CHL, chloramphenicol; CIP, ciprofloxacin; ERY, erythromycin; GEN, gentamicin; NAL, nalidixic acid; TET, tetracycline.

c

Sequence type indicates the unique number assigned on the basis of the allelic profile generated based on the allele nucleotide sequence number in the MLST database (www.pubmlst.org/campylobacter).

The IA for the whole population was 0.293, indicating a weak clonal structure. However, the IA values for the ABF and the conventional populations were 0.279 and 0.535, respectively, indicating a higher clonality of C. coli isolates from the conventional system. Simpson's index of diversity calculated for the MLST method was found to be 0.936. Such a high DI value indicates that MLST has a very high discriminatory power.

Genotypic diversity based on PFGE fingerprinting.

The SmaI-digested genome of C. coli resulted in the generation of an average of 6 to 10 bands. Using 70% genetic similarity as the cutoff, a total of 11 clusters were observed, with clusters 1 (17 isolates), 11 (16 isolates), and 3 (15 isolates) being the predominant ones comprising 48% of the total isolates (Fig. 1). We followed the recommended criteria for interpreting PFGE banding patterns, with isolates differing by one to three bands being most likely clonal (45).

FIG. 1.

FIG. 1.

FIG. 1.

PFGE dendrogram for the 100 C. coli isolates showing the 11 clusters at 70% genetic similarity among the band profiles.

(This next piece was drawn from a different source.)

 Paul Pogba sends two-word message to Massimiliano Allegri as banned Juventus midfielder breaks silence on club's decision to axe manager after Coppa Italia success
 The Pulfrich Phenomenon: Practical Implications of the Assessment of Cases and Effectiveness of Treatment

Three clusters had isolates grouped together based on their antimicrobial resistance patterns. These included cluster 4 (n = 4; TET), cluster 6 (n = 3; TET), and cluster 10 (n = 6; CIP ERY NAL TET). All the isolates from cluster 6 and five out of six isolates in cluster 10 were epidemiologically related, being isolated from the same slaughter and farm groups. One group of isolates each in clusters 1 (isolates 762, 3995, and 4037) and 11 (isolates 26, 793, and 794) were epidemiologically related, representing the nursery, finishing, and slaughter stages of two different ABF farms. However, other isolates from these farms and slaughter stages were found to be unrelated and clustered separately. Overall, the population exhibited considerable genotypic diversity. The remaining clusters were very diverse based on the location and time of isolation and the resistance patterns of these isolates. This indicates the diverse nature of the C. coli isolates. The PFGE method had a discriminatory index of 0.889.

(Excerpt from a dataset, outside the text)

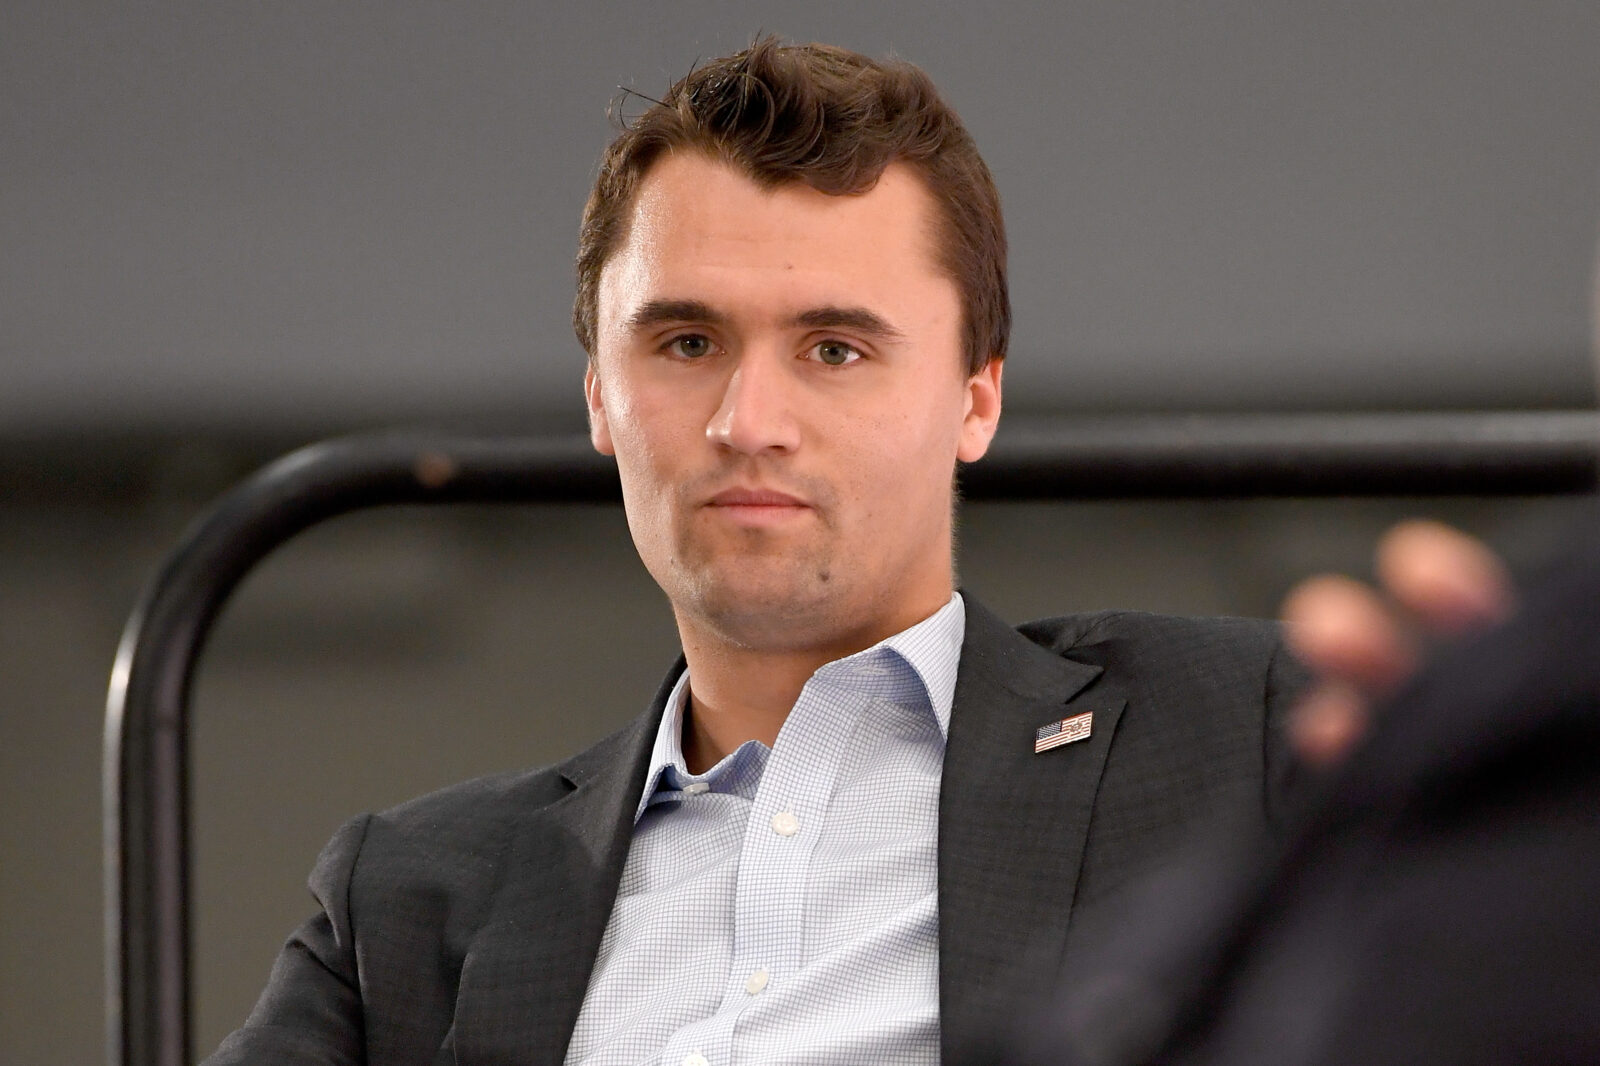 Charlie Kirk Net Worth How Rich is the Conservative Activist, Really?

Comparison of clustering by MLST and PFGE.

We identified a total of 27 and 11 clusters for the 100 C. coli isolates genotyped using MLST and PFGE, respectively. The association of MLST STs with PFGE clusters is shown in Fig. 1 and Table 2. Out of the 65 MLST STs observed for the complete data set, 53 STs (81.5%) representing 62 C. coli isolates were represented by a single PFGE cluster, indicating that these isolates were not distinguished by the PFGE method. The remaining 12 STs were clustered in two to three PFGE clusters. A single PFGE cluster (cluster 4) was found to be associated with a single ST (ST-854). The remaining 10 PFGE clusters were associated with multiple STs. PFGE type 1 was the most heterogeneous cluster and included 16 STs representing the farm and slaughter stages of both production systems. This indicates the poor correlation in polymorphism between MLST and PFGE findings.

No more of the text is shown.